When this reporter asked the official about this truce, he replied that while there was no written pact, Nader and Buchanan had worked together since the anti-NAFTA campaign in the early 1990s, and that there was a “mutual agreement” not to criticize one another. Nader has, in fact, refrained from attacking Buchanan's right-wing positions on abortion and immigration, and remained silent on Buchanan's long-standing ties to anti-labor textile bosses in the South.
Both men have joined with the Teamsters union leadership in the latter's racist campaign against the entry of Mexican truck drivers into the US, as well as the anti-Chinese campaign to oppose normalization of trade with Beijing.
Asked about his opposition to NAFTA by a Canadian reporter, Nader said Mexican workers threatened the jobs and living standards of American workers. Speaking to the camera crews at one press conference, he asked, “How would you like to be replaced by Mexican camera crews making $10 a day?”
Nader's attempt to combine certain reform proposals with an increasingly rightward political trajectory was in keeping with the general outlook of the Green Party leadership, which displayed throughout the convention an overweening desire to be accepted by the media as a legitimate party. The Greens' efforts to be part of the political “mainstream” underscore the highly superficial character of the organization's independence from the Democratic Party.

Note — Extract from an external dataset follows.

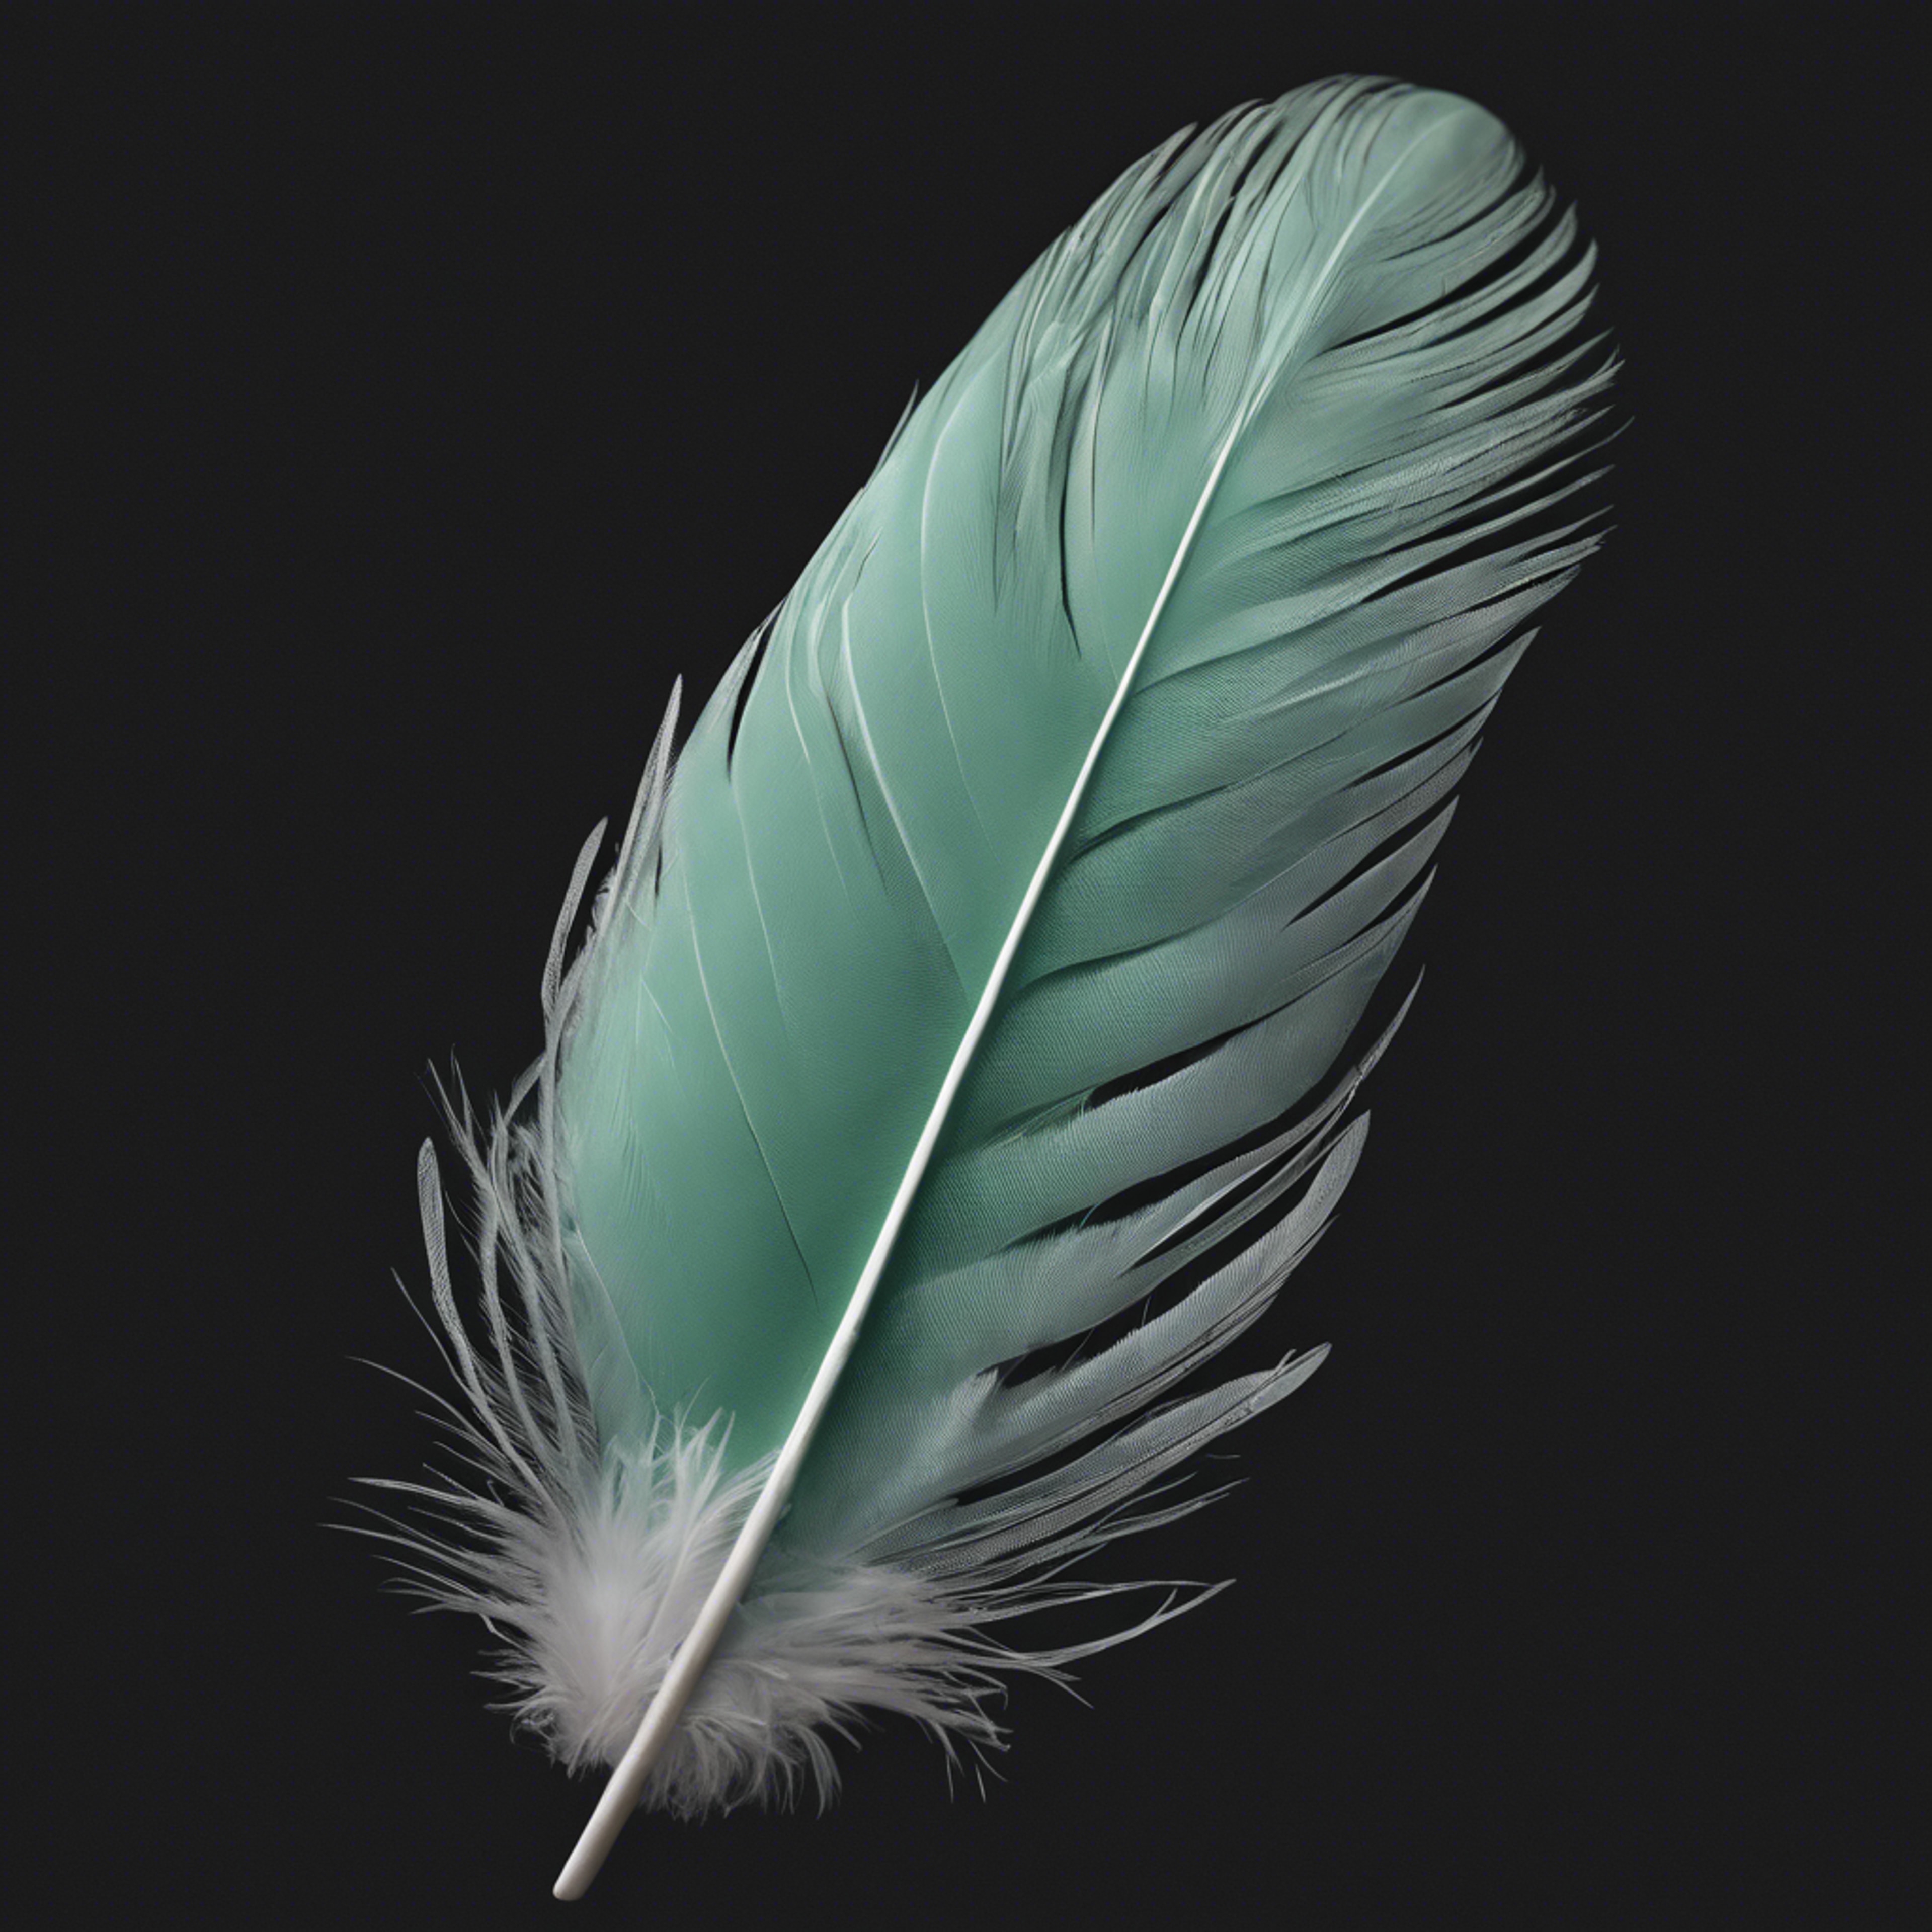 A mint green feather falling gently against a black background. Wallpaper[63059cc9c71342cdaeda]

In fact, the party is largely seen by its own leaders and members as a tool for placing pressure on the Democrats and shifting them to the left. Many delegates told this reporter they hoped a growing vote for the Greens, and a growing number of Green officeholders, would serve as a “catalyst” to influence the two big business parties.
Dean Myerson, the convention coordinator, summed up this general orientation, saying the meeting “would launch us to a new level of influence on the political system by demonstrating to the nation the quality and seriousness of the Green Party.”